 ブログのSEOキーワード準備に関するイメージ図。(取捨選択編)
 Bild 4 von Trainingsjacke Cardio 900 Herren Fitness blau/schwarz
···
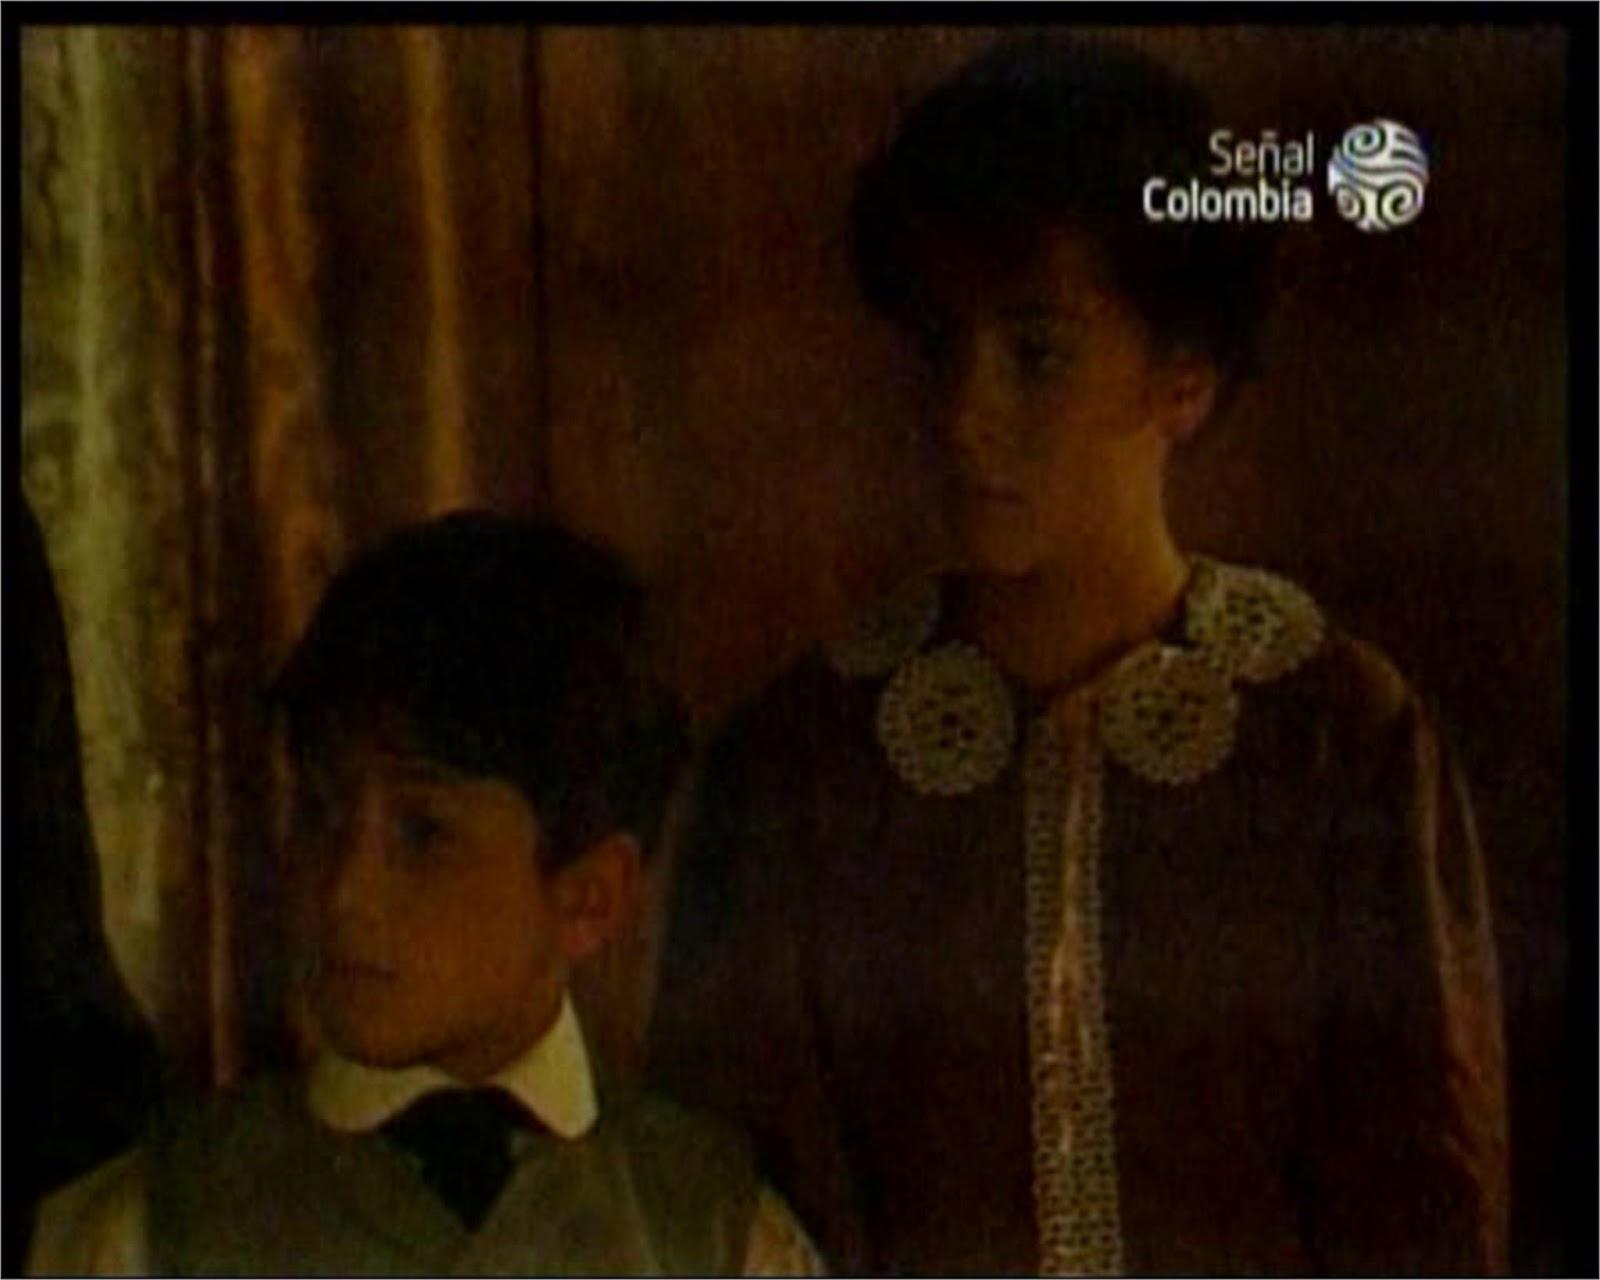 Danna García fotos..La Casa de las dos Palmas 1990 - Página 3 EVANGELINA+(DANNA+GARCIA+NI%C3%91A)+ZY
···
[What needs to be done] All that should be written out is the stretch of lines above between the one holding "ブログのSEOキーワード準備に関するイメージ図。(取捨選択編)" and the one holding "Bild 4 von Trainingsjacke", inclusive, exactly as given.

[Answer for this exercise]
 ブログのSEOキーワード準備に関するイメージ図。(取捨選択編)
 Bild 4 von Trainingsjacke Cardio 900 Herren Fitness blau/schwarz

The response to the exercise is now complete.